SOURCE MATERIAL
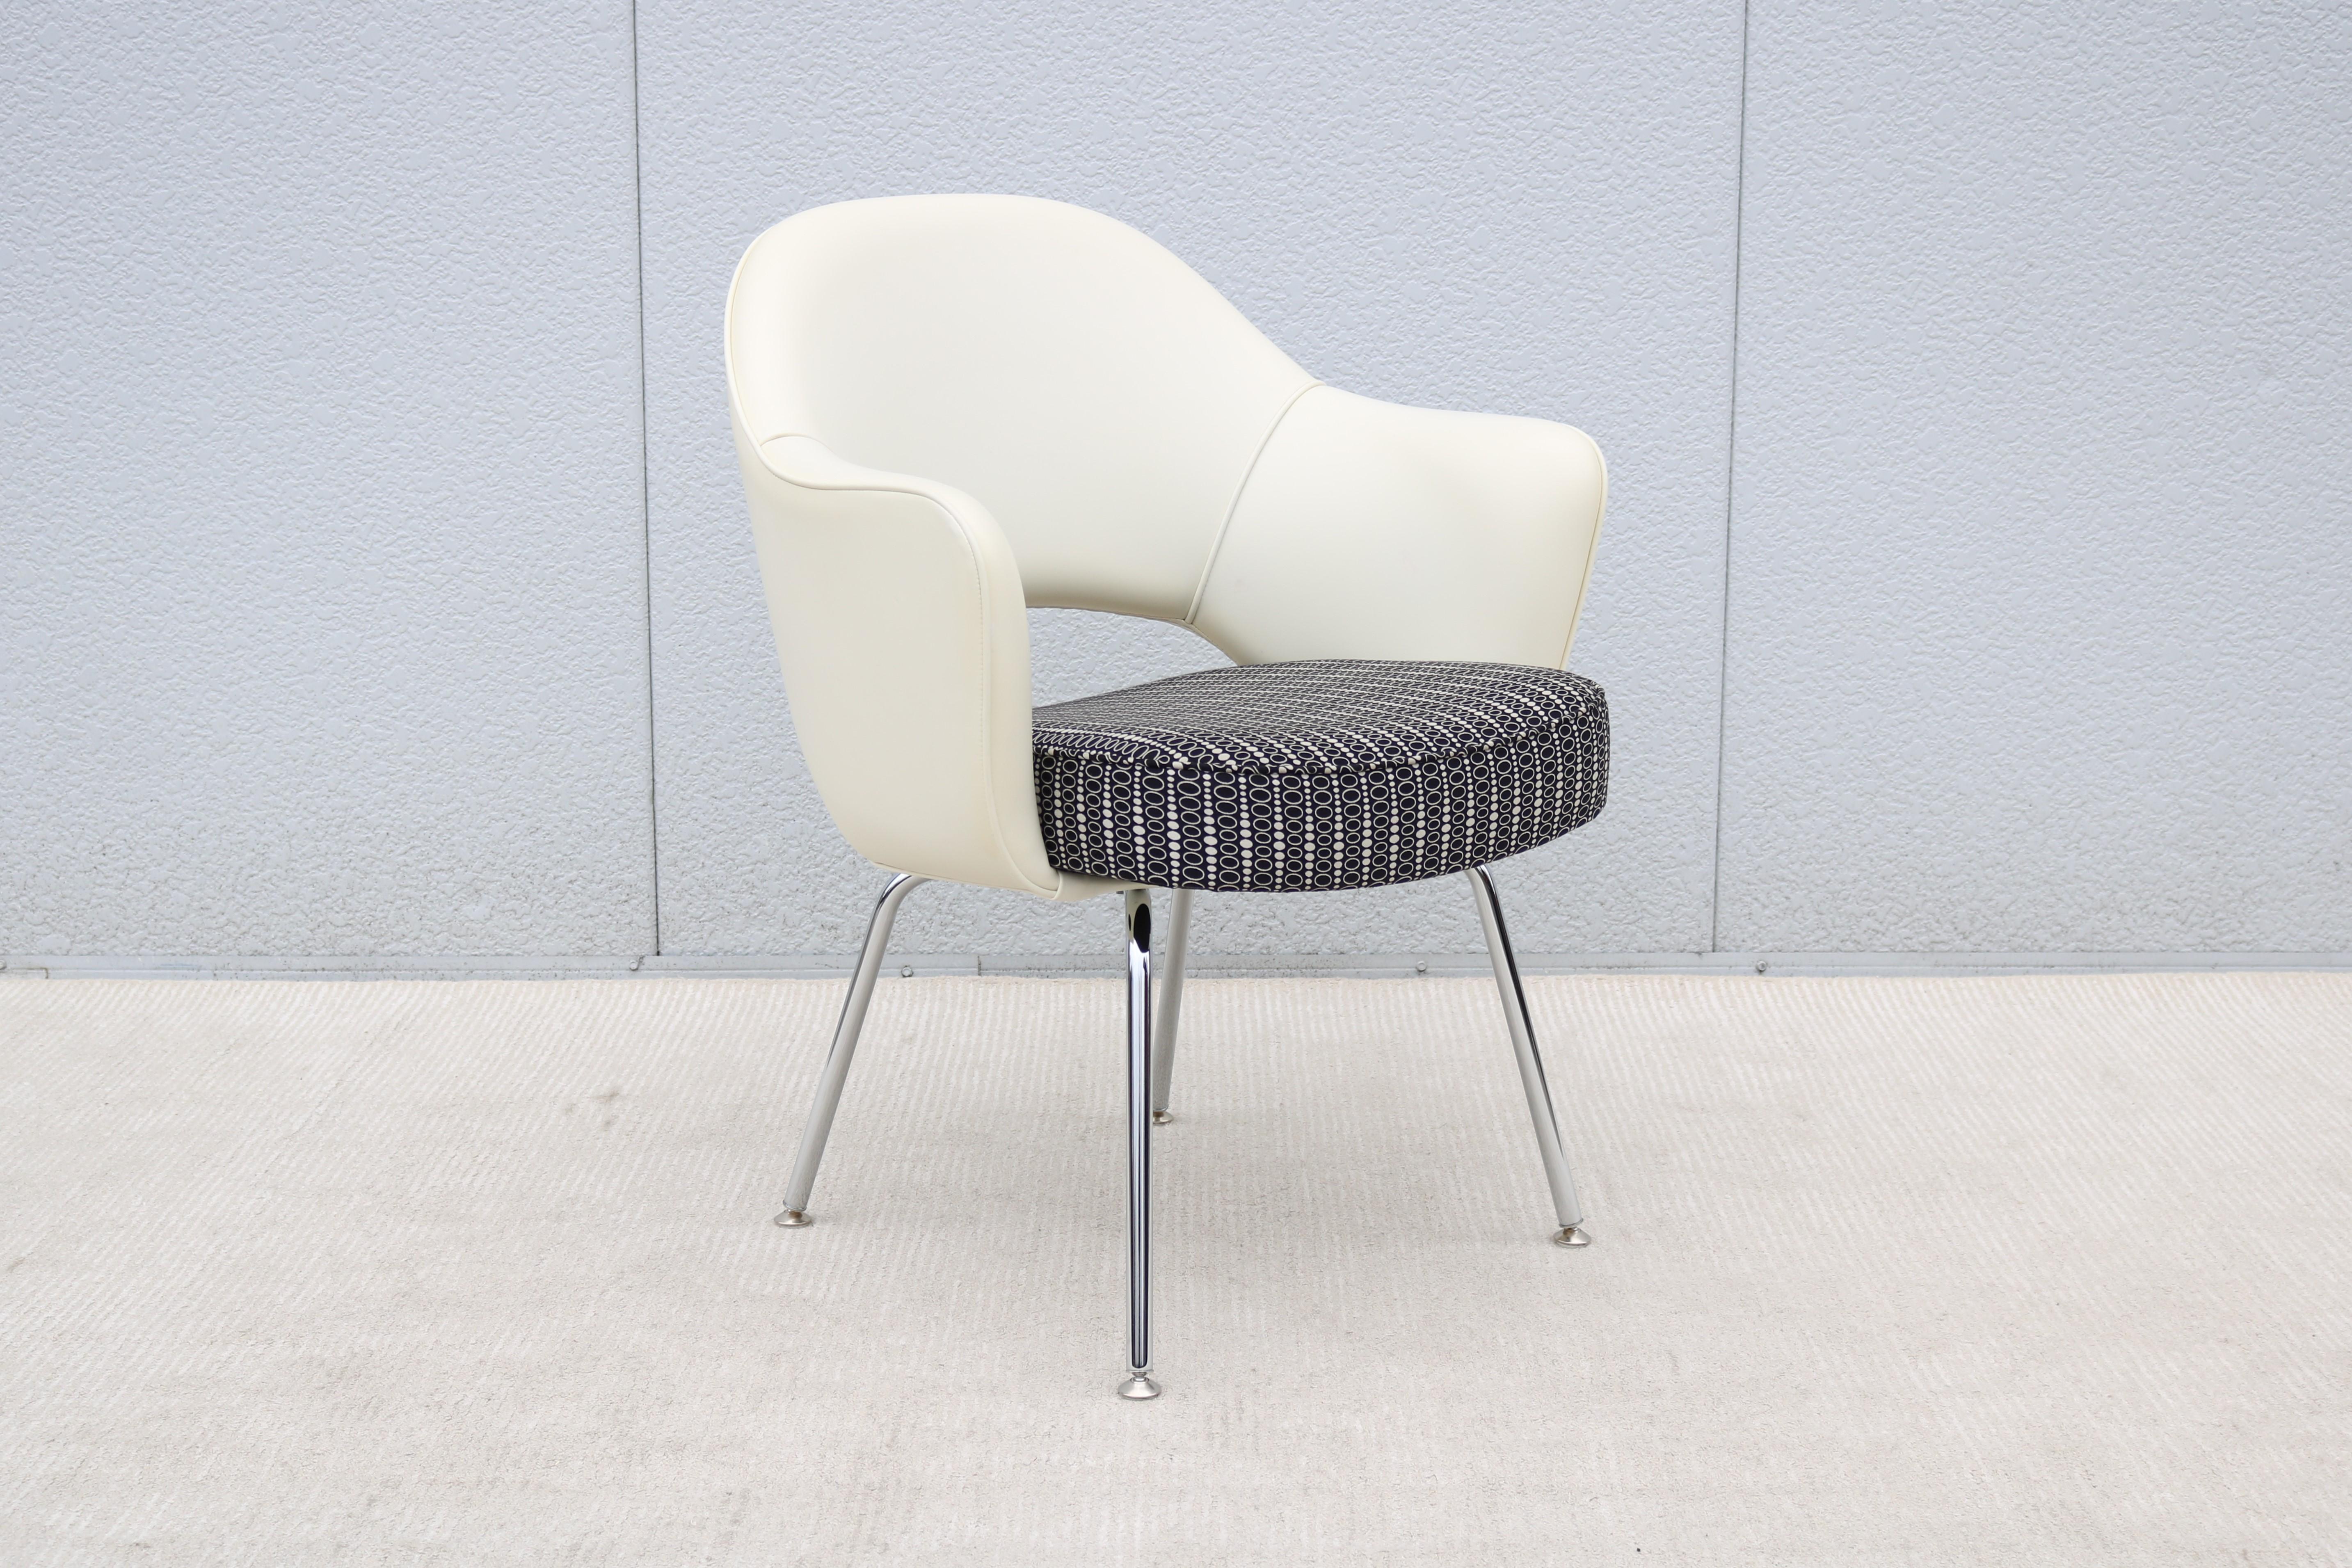 Atemberaubend authentisch Mitte des Jahrhunderts modernen Saarinen Executive Sessel von Knoll.
Einer der beliebtesten Entwürfe von Knoll, der durch die Form seiner Schale höchsten Komfort bietet.
Er wurde 1950 eingeführt und ist ein moderner

INSTRUCTIONS TO FOLLOW
Whenever images occur above, omit them and retype each line exactly as it stands.

EXPECTED ANSWER
 Atemberaubend authentisch Mitte des Jahrhunderts modernen Saarinen Executive Sessel von Knoll.
Einer der beliebtesten Entwürfe von Knoll, der durch die Form seiner Schale höchsten Komfort bietet.
Er wurde 1950 eingeführt und ist ein moderner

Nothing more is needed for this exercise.